I guess it’s fitting that the biggest horror comes in the final episode. It’s not even part of the plot, not really. It’s a reminder of what was at stake then, what the world lost.
It’s impossible to calculate the war dead, but the best estimates put the number somewhere between 70 and 80 million, 3% of the world’s population. As impossible as it is to calculate, it feels equally impossible to comprehend. How do you understand a loss of that magnitude? How can you really know what it means?
You can start smaller, I guess. Start on an idle Monday in August 1945. That morning, a plane called the Enola Gay will drop a bomb called Little Boy, a 141-lb payload of enriched uranium, over Hiroshima, Japan. It will detonate over the Shima Surgical Clinic. Everyone in the hospital will die. In total, at least 90,000 in Hiroshima won’t make it. But that’s still an unwieldy number, so let’s go even smaller.
Sleeping in the boardinghouse, Yamato dreams of a boy he knew as a child. But like Yamato, the boy is a man now. He grew up and raised a family. He raised them in Hiroshima.
We know the horror before Yamato does, because we’re looking at history from the other side. But history still has some secrets. Because as Yamato understands that his old friend is now in the afterlife, the friend steps aside to reveal that his whole family is with him.
It is a gut-punch moment, maybe the best the show has pulled off all season. And the scene after that, when Yamato is awakened by the celebrations outside–because the US bombed Japan–is also done well. And then we have to back to the regular show.
I mean, look. This show obviously means a lot to the people who made it, so I feel guilty being harsh. But I could only tolerate the muddled storytelling and illogical leaps for so long. So buckle your seatbelts–we’re gonna rush through it.
As we last left Luz, she was Yuko-possessed and walking away with the baby. A family in a car stops to see if she’s okay. You: Why does she possess the little girl? Why doesn’t she just stay in Lu–
Doesn’t matter; don’t worry about it. Chester and crew take Luz’s Abuela home and get the truck. Luz’s family warns Chester against being out and about so close to Los Alamos, headquarters of the Manhattan Project [nuclear development]. Chester asks “Did something happen tonight? In the war?” I groan audibly. Salome, don’t worry about it. Okay, let’s go!

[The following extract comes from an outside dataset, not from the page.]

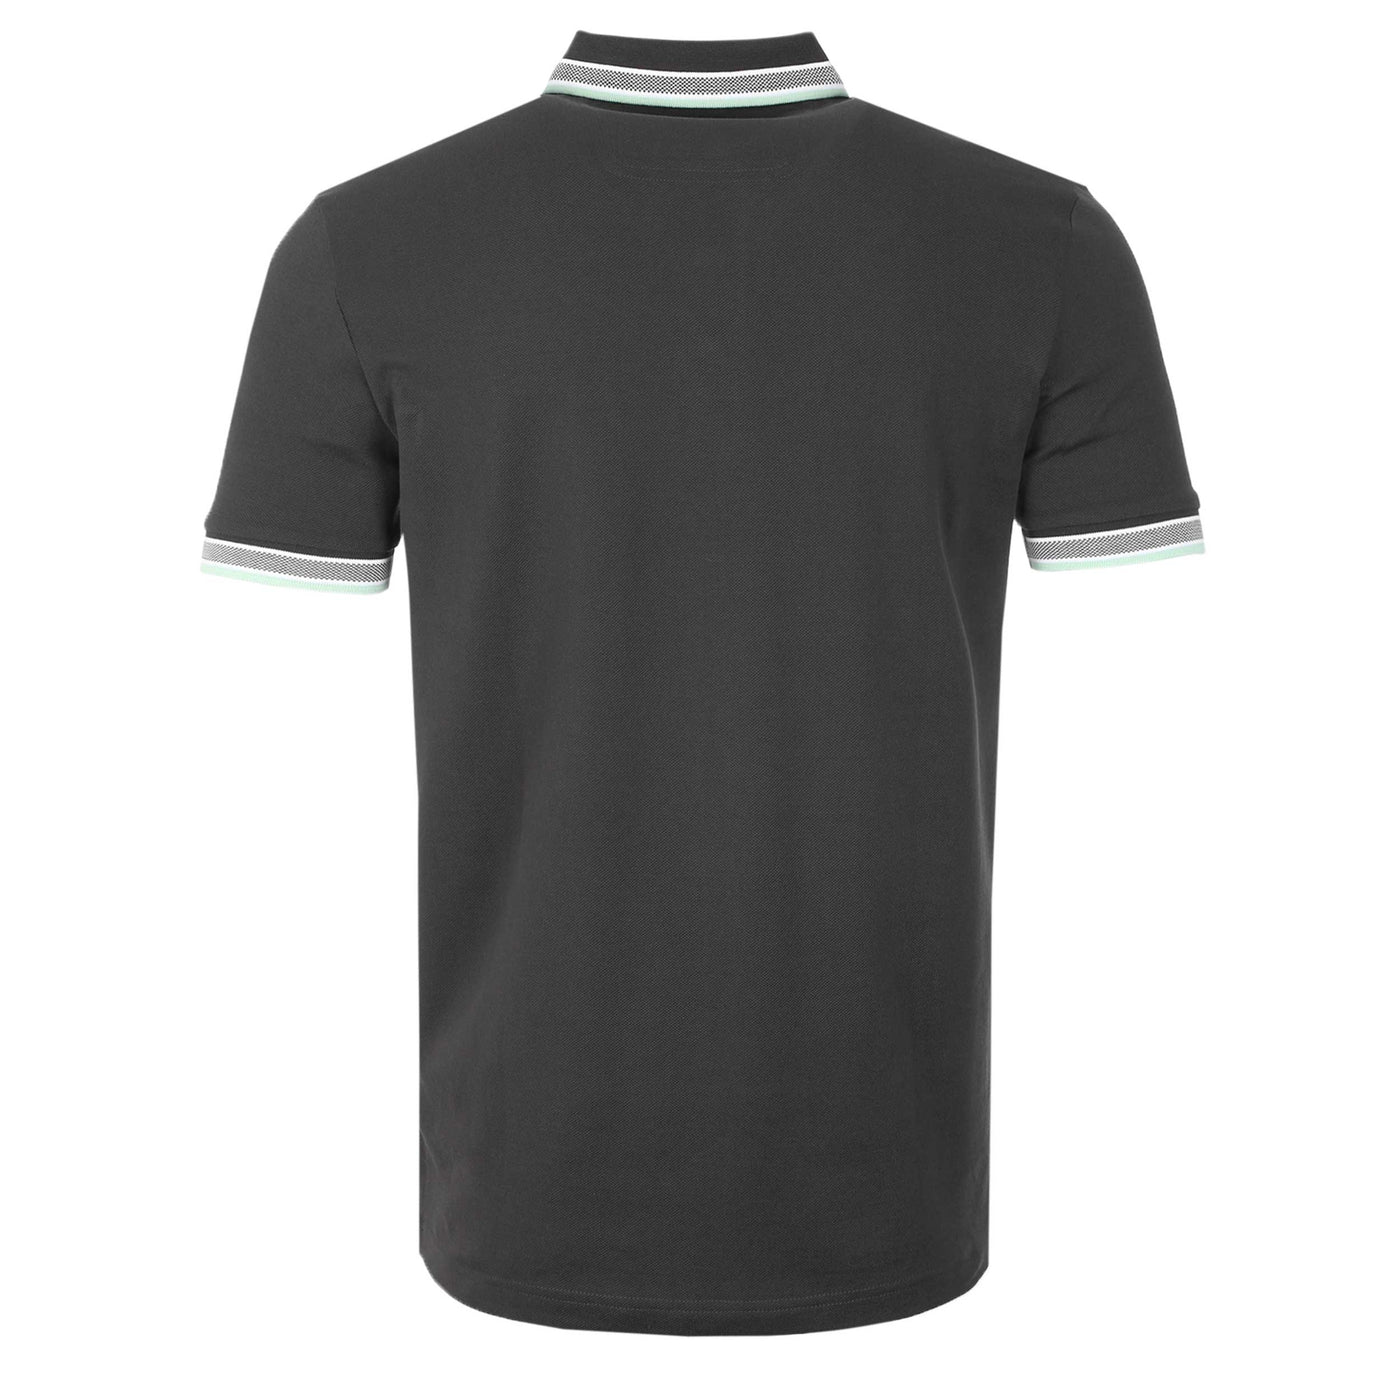 BOSS Paddy Polo Shirt in Charcoal & Mint Back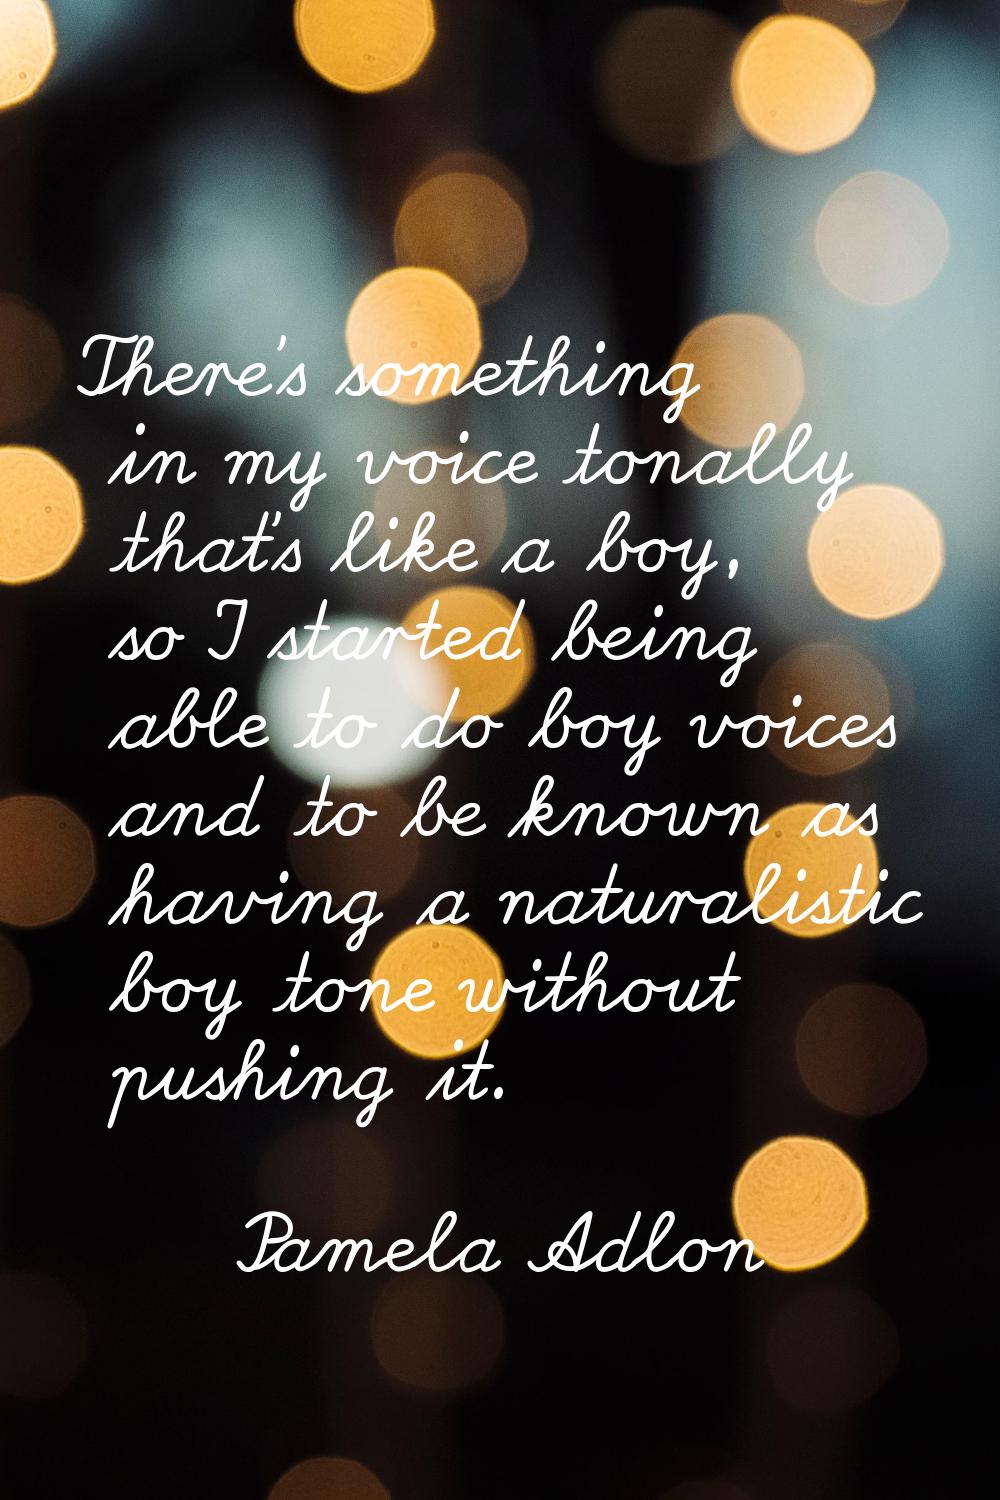 There's something in my voice tonally that's like a boy, so I started being able to do boy voices a

Anyway, they find Yuz’s nest, there’s a struggle, Henry dies. Rest in peace, Henry. You deserved better than all of this.
Using a photo of Yuko, they send her back to her “perfect world” with her babies. Yay, so that’s over. Let’s go back to Amy and Yamato for a second.
I love the reveal that every (Japanese-American) person at the camp knows that she killed Bowen. It’s funny, but not that she’s been carrying around this burden and Yamato is just like, “You did what you had to do.”
Now let’s flash forward to the future. Amy is a beatnik in a beret and I love it. Luz and Chester have two more babies–twin girls from the looks of it. They’re gathered together for Obon, when you remember your ancestors. It’s hard to comprehend death on a massive scale, but you can do it when it’s small–when it’s the people you knew. And you have to. You have to remember. You wouldn’t be here without them. And they wanted everything for you.
8/10 – I will be generous and bump up the grade a bit, because I did quite enjoy the Amy and Yamato scenes in this finale. And the ending, in which they remembered the internees, was very moving. It just all came after a frustrating season. This time period in history was full of terror. There are many ways to tell scary stories set at that time; I just don’t think they hit the mark with this one.
Once again, they did not make promo images available for this episode. I cobbled them together the best I could with construction paper and Elmer’s glue.